D-kloprostenol sodowy i L-kloprostenol sodowy są enancjomerami, co oznacza, że są swoimi lustrzanymi odbiciami i mają różne układy przestrzenne atomów. Oddzielenie soli sodowej D-kloprostenolu od soli sodowej L-kloprostenolu zazwyczaj obejmuje chiralne techniki rozdzielania. Oto dwie powszechnie stosowane metody takiego rozdzielania:
Chromatografia chiralna: Chromatografia chiralna jest szeroko stosowaną techniką rozdzielania enancjomerów. Polega ona na wykorzystaniu chiralnej fazy stacjonarnej, którą jest kolumna lub żywica zawierająca chiralny selektor. Selektor chiralny oddziałuje inaczej z enancjomerami, prowadząc do ich zróżnicowanej retencji i separacji. Kolumnę wypełnia się chiralną fazą stacjonarną, a mieszaninę soli sodowej D-kloprostenolu i soli sodowej L-kloprostenolu przepuszcza się przez kolumnę w określonych warunkach fazy ruchomej. Gdy związki przechodzą przez kolumnę, oddziałują w różny sposób z chiralną fazą stacjonarną, co prowadzi do rozdzielenia enancjomerów.
Rozdzielczość enzymatyczna: Rozdzielczość enzymatyczna to kolejna metoda stosowana do rozdzielania enancjomerów. Polega na wykorzystaniu enzymów, które selektywnie oddziałują z jednym enancjomerem, przekształcając go w produkt, pozostawiając nienaruszony drugi enancjomer. Na przykład enzym może selektywnie katalizować reakcję z D-kloprostenolem sodowym, ale nie z L-kloprostenolem sodowym. Wykorzystując tę różnicę w reaktywności, można rozdzielić dwa enancjomery. Rozdział enzymatyczny można przeprowadzić w roztworze lub za pomocą immobilizowanych enzymów na stałych nośnikach.

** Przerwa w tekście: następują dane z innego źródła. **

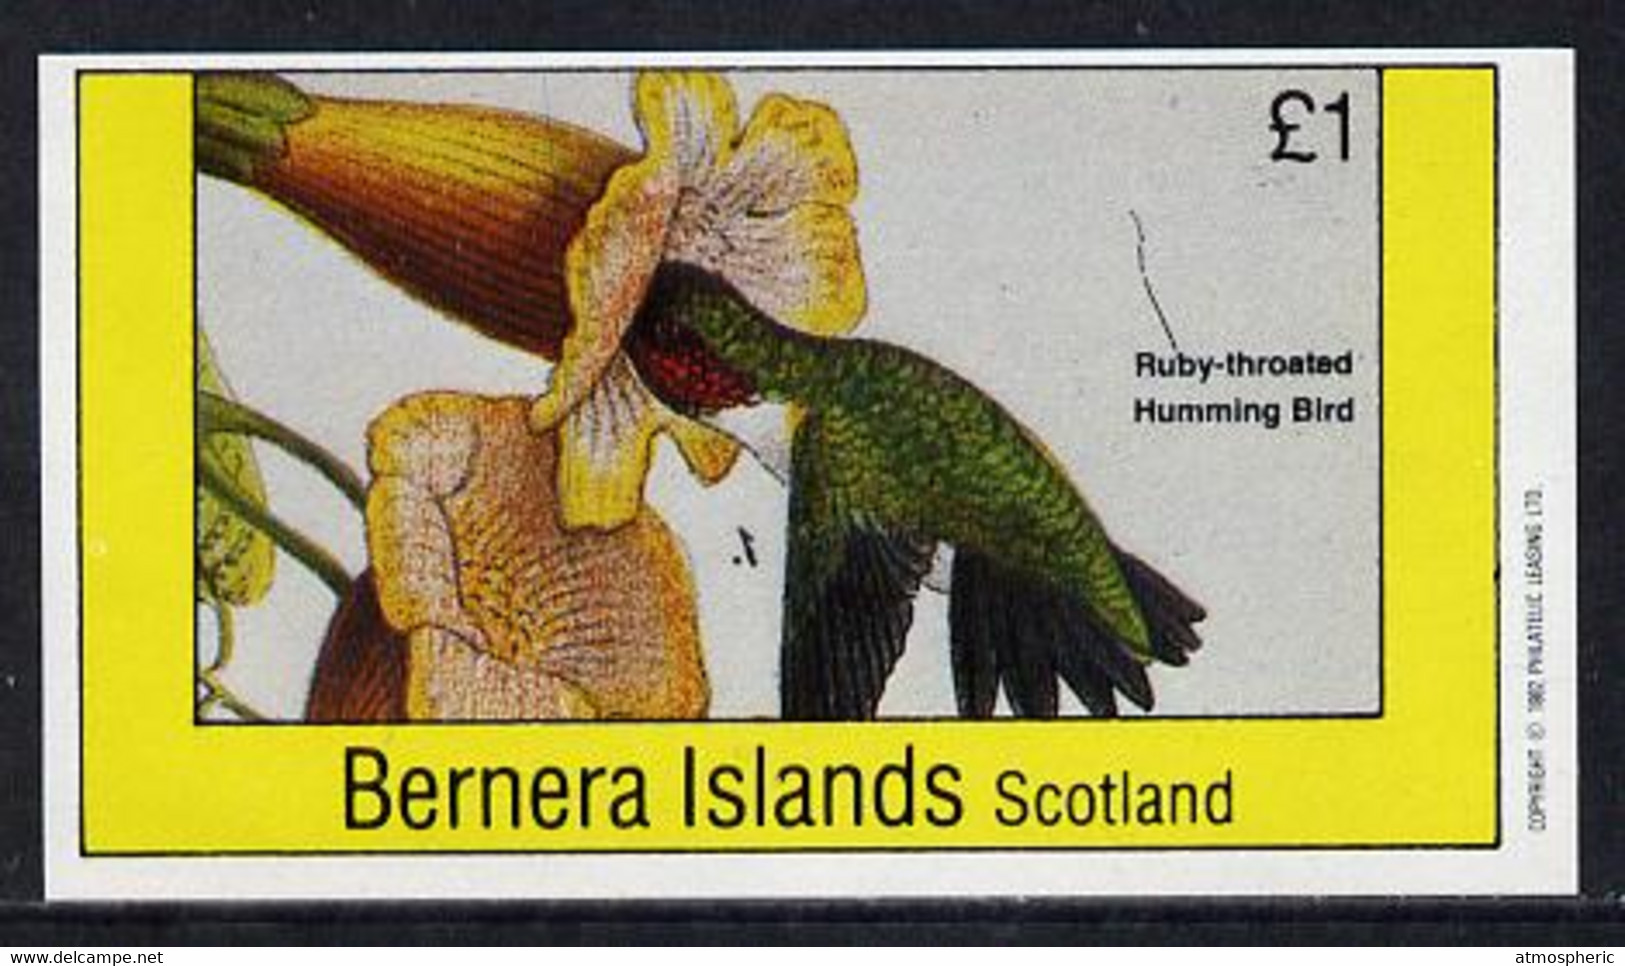 Bernera 1982 Humming Bird Imperf Souvenir Sheet (£1 Value) U/M - Unclassified

Należy zauważyć, że specyficzna zastosowana metoda rozdzielania może zależeć od czynników, takich jak właściwości enancjomerów, pożądana czystość rozdzielonego enancjomeru i dostępność odpowiednich technik rozdzielania. Ponadto oddzielenie soli sodowej D-kloprostenolu i soli sodowej L-kloprostenolu może być przeprowadzane przez producentów farmaceutycznych i może obejmować zastrzeżone procesy specyficzne dla ich procedur produkcyjnych.